Tuesday, July 28, 2015

Going Vegetarian: 5 Tips for an Easy Transition

Going Vegetarian: 5 Tips for an Easy Transition
I went vegetarian December 8, 2011 after being diagnosed with gout. I'd toyed with the idea before, since heart disease is rampant in my family and studies have shown that a vegetarian diet can cut the risk, but it was a single painful gout episode that convinced me. I thought it would be a difficult transition, but it wasn't and a few weeks later, I found I had more energy, felt better than I had in years, and didn't miss meat.
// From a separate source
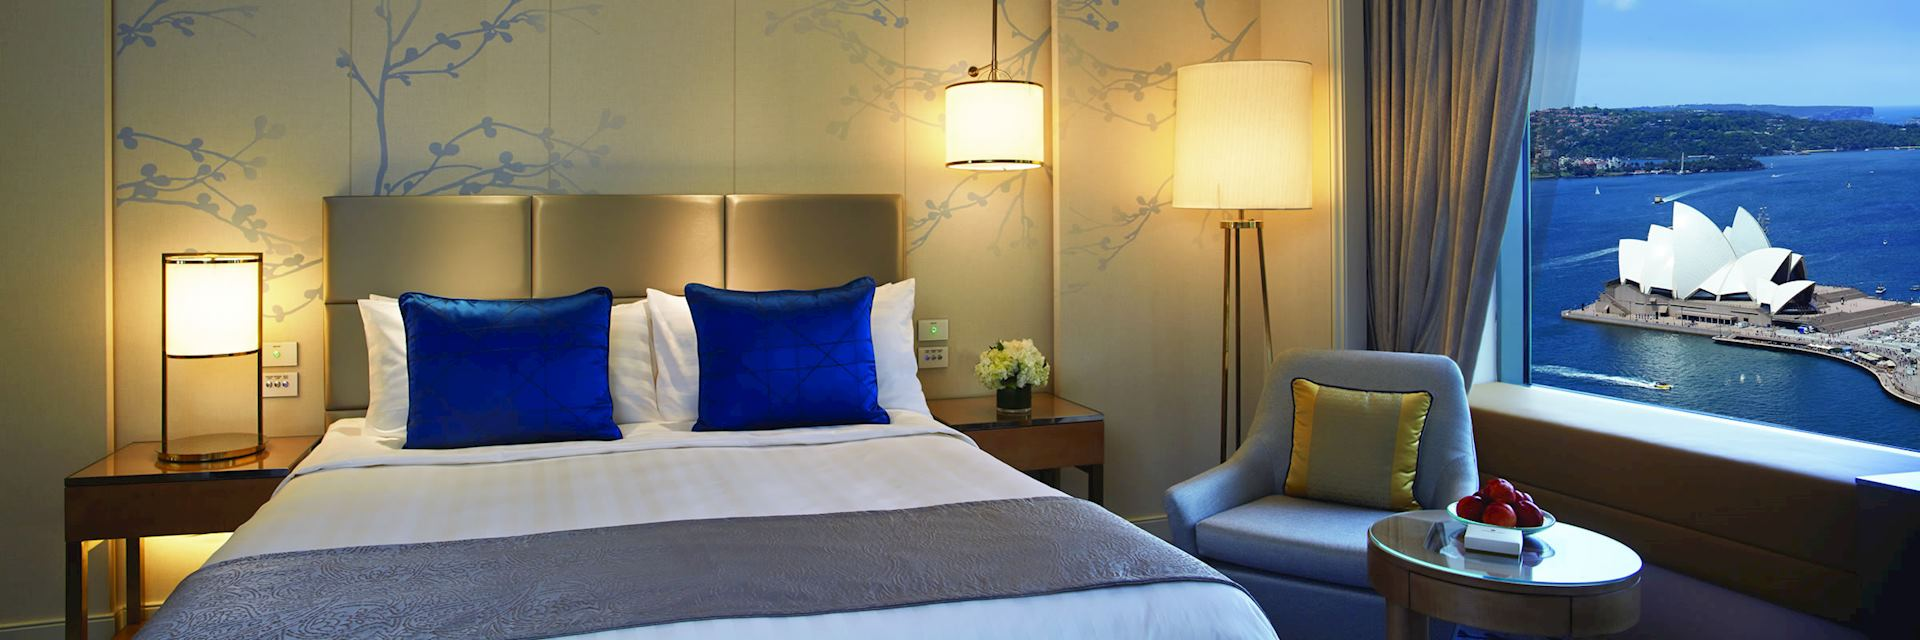 Horizon Club Room, Shangri-La Hotel, Sydney

If you're thinking about going vegetarian, here are some tips.
Get a Good Cook Book
Vegetarian cuisine doesn't mean banishment to bland meals. There's a cornucopia of good vegetarian cookbooks that offer up tasty recipes anyone can love. My personal favorite is "The Meat Lover's Meatless Cookbook: Vegetarian Recipes Carnivores will Devour," by Kim O'Donnel.
Use Spices Generously
I like to experiment in the kitchen and often dream up my own recipes, including a vegetarian "meatloaf" made from quinoa and spiced heavily with sage, bay leaves, and thyme. I found early on that I wasn't missing meat as much as I was missing the spices I used in meat dishes. Be creative.
Shop Around
For ready-made foods (e.g., vegetarian sausages), I've been most successful at Trader Joe's and Whole Foods, but most groceries have lots of options in the frozen section. Fresh and dry foods -- including tempeh, tofu, beans, and lentils -- can be found anywhere. Specialty items can be harder to find. Try Indian and Asian Supermarkets. 
Stay Low Sodium
Ready-made meals tend to be loaded with sodium. You won't get the maximum cardiac benefit of a vegetarian diet if you send your blood pressure soaring. The best way to keep the sodium intake low is to make your own dishes where you can, including veggie burgers -- once you make your own you'll never buy premade again.
Don't Obsess over Protein
You don't need meat to thrive. You can get your protein from a variety of sources. My favorites are tempeh, black beans, quinoa, chia seeds, and peanut butter. Since I'm not vegan, lowfat Greek yogurt is a staple.
Going vegetarian was easier than I thought, although I gained 5 pounds initially (be sure to count your calories)! Buy fresh, organic foods as often as possible and don't be afraid to experiment. One last thing: get a 9-cup food processor. It will save you lots of prep time.